The lines to return run from the start of the material below through the line holding "Top modernes Badezimme", both included; please give them back exactly, minus the pictures.
======== Dataset extract ========
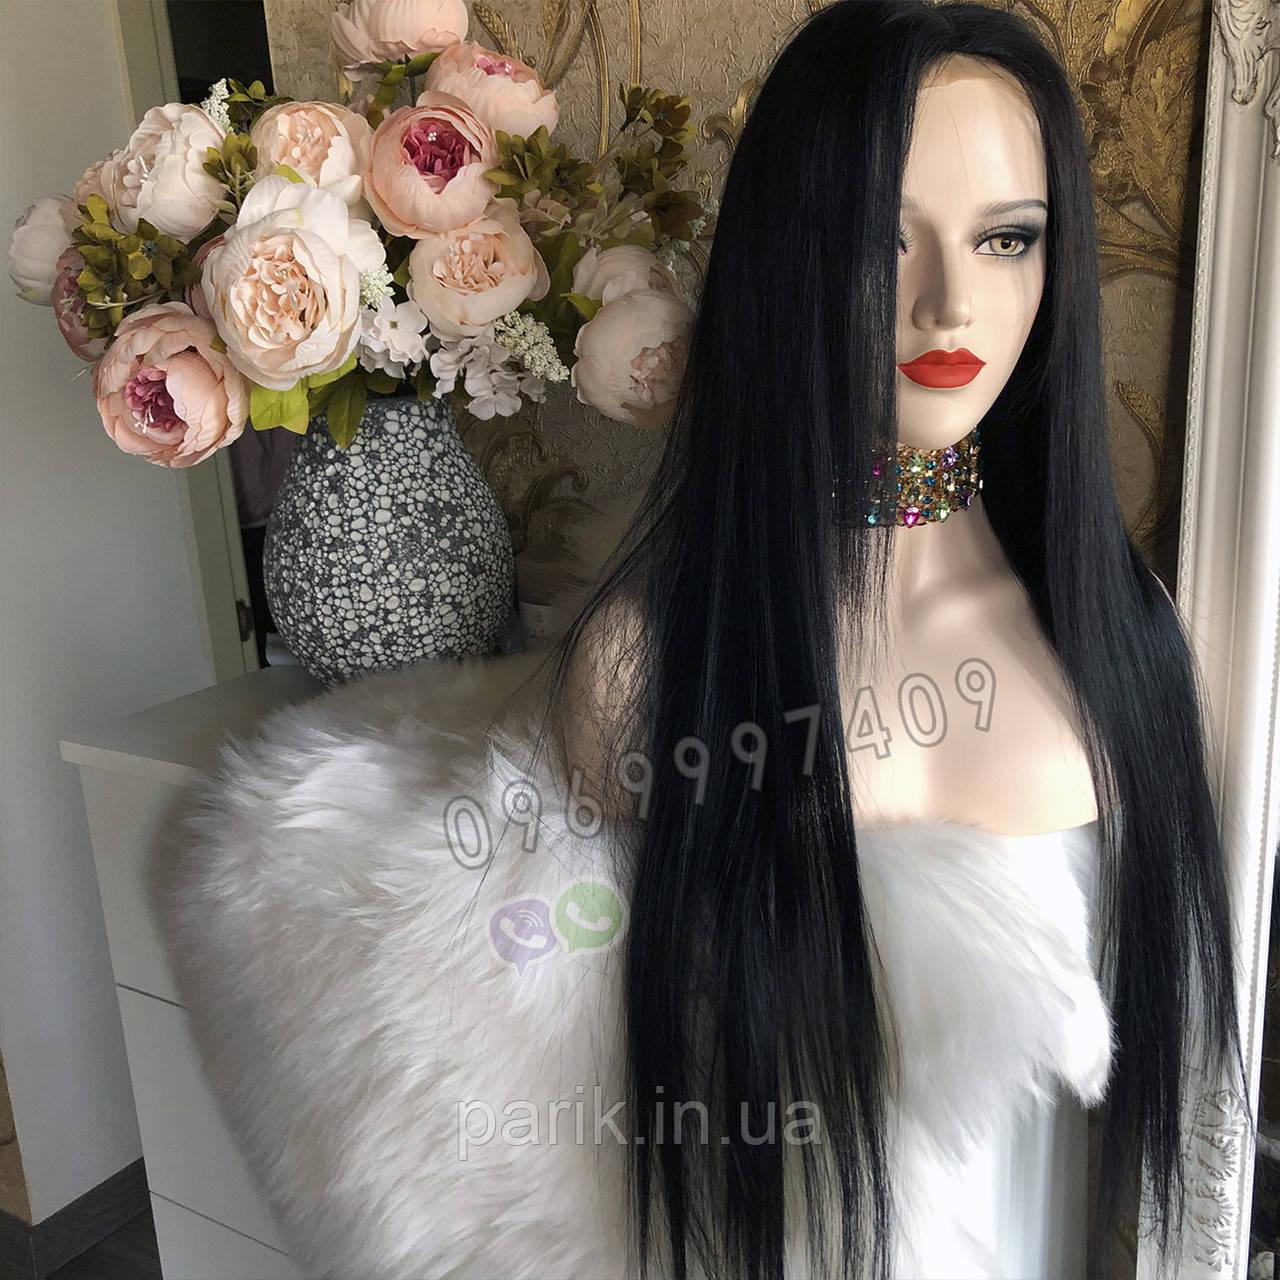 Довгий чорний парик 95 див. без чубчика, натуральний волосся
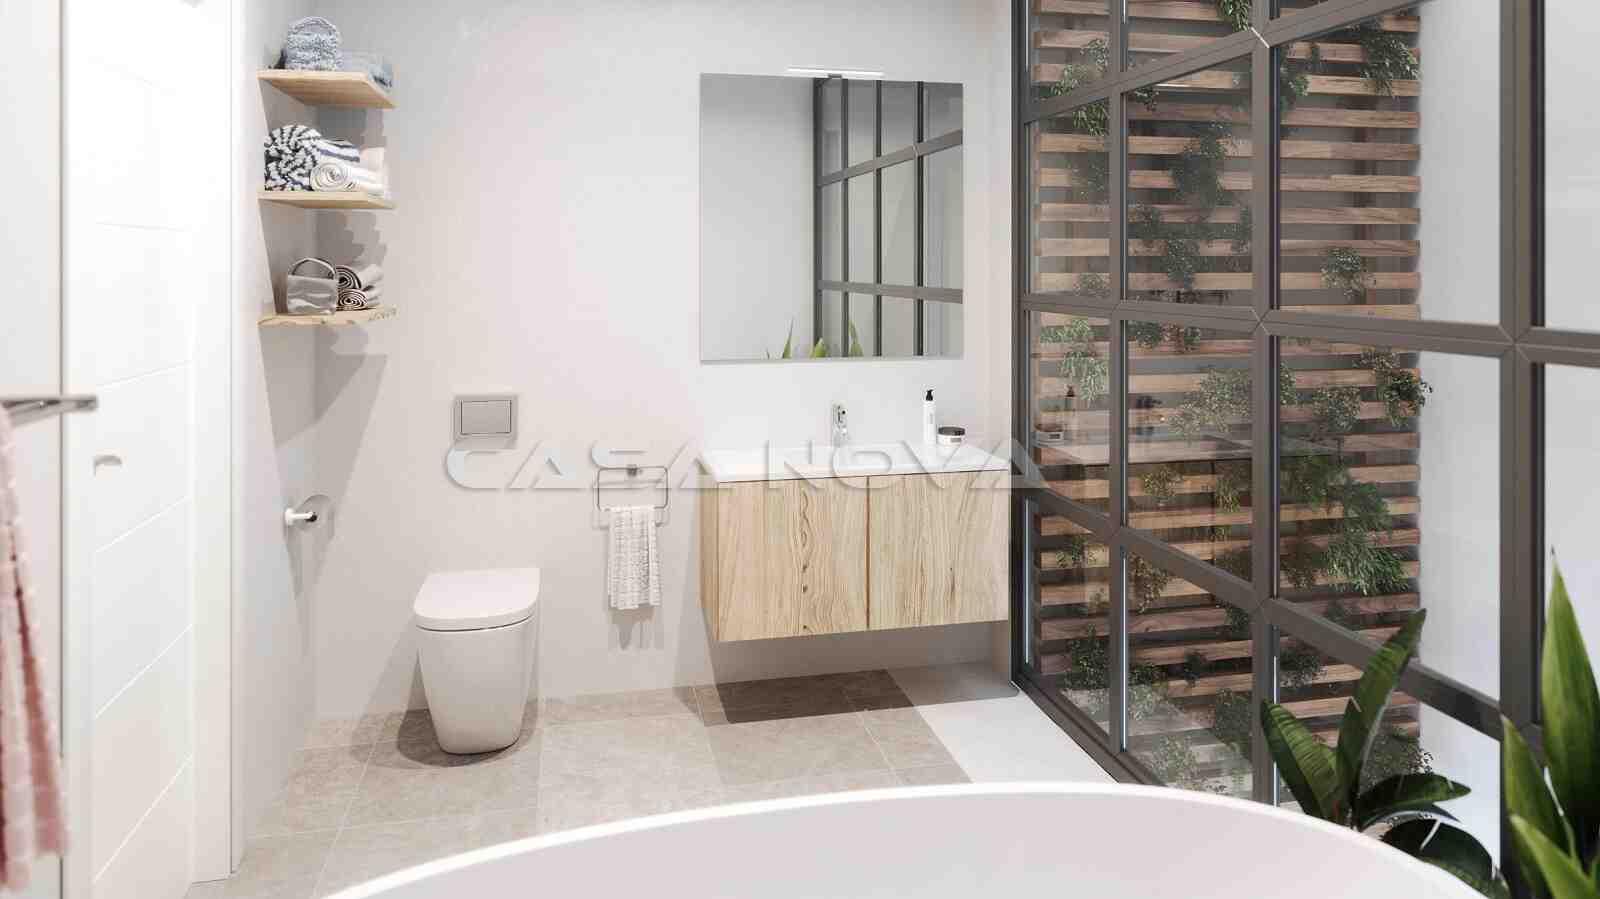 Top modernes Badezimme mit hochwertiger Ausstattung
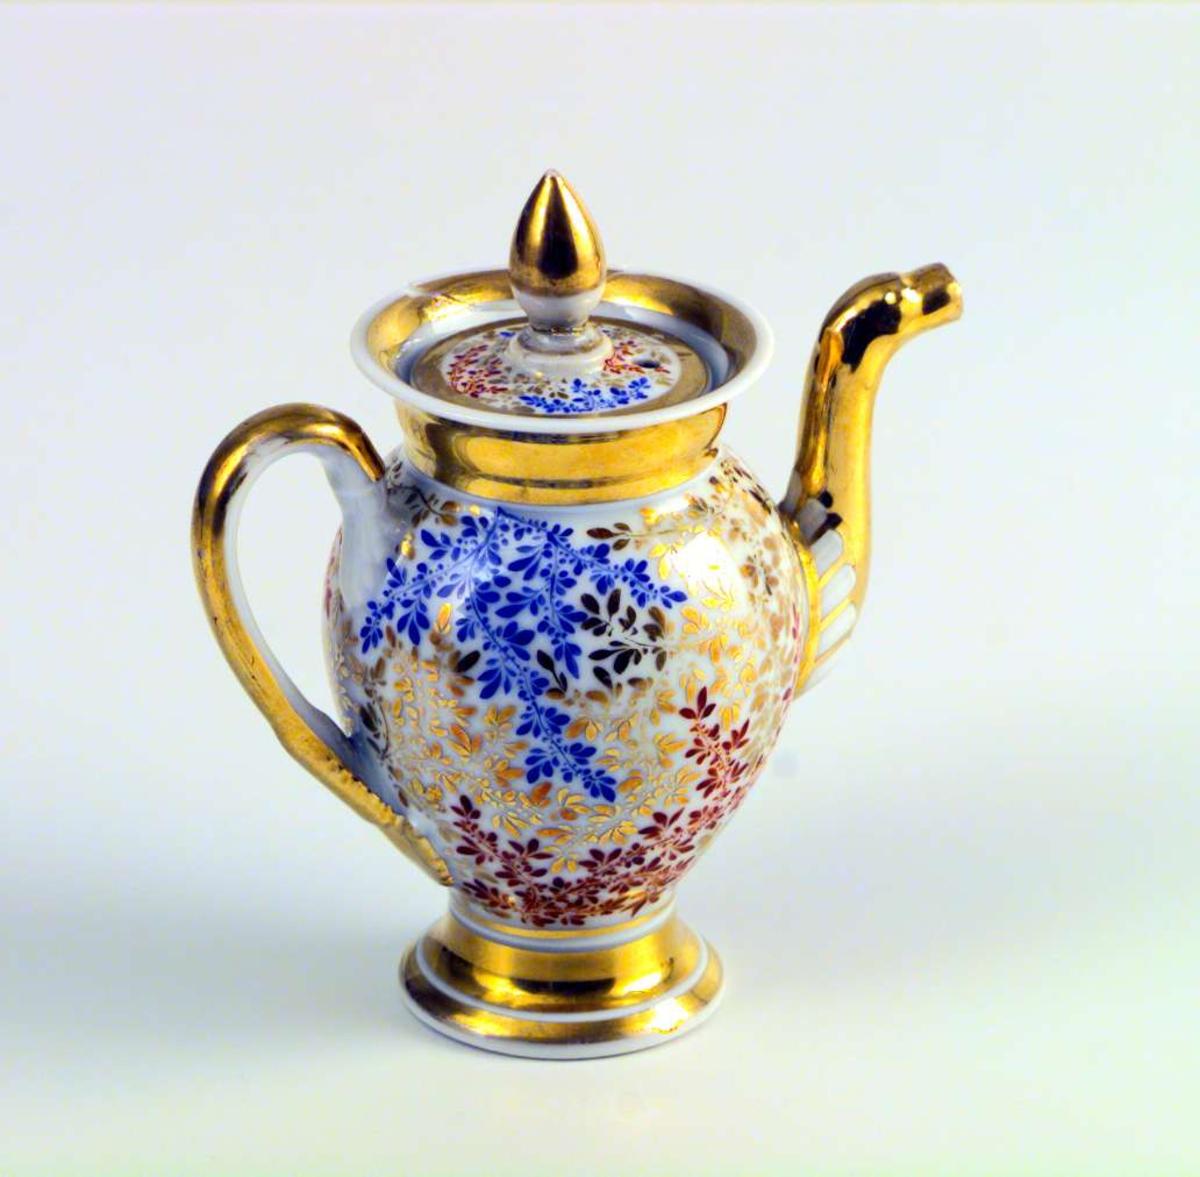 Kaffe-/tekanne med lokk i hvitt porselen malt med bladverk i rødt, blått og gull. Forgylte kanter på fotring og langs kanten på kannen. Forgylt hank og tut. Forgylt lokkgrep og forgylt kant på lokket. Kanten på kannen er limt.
========
(Result):
 Довгий чорний парик 95 див. без чубчика, натуральний волосся
 Top modernes Badezimme mit hochwertiger Ausstattung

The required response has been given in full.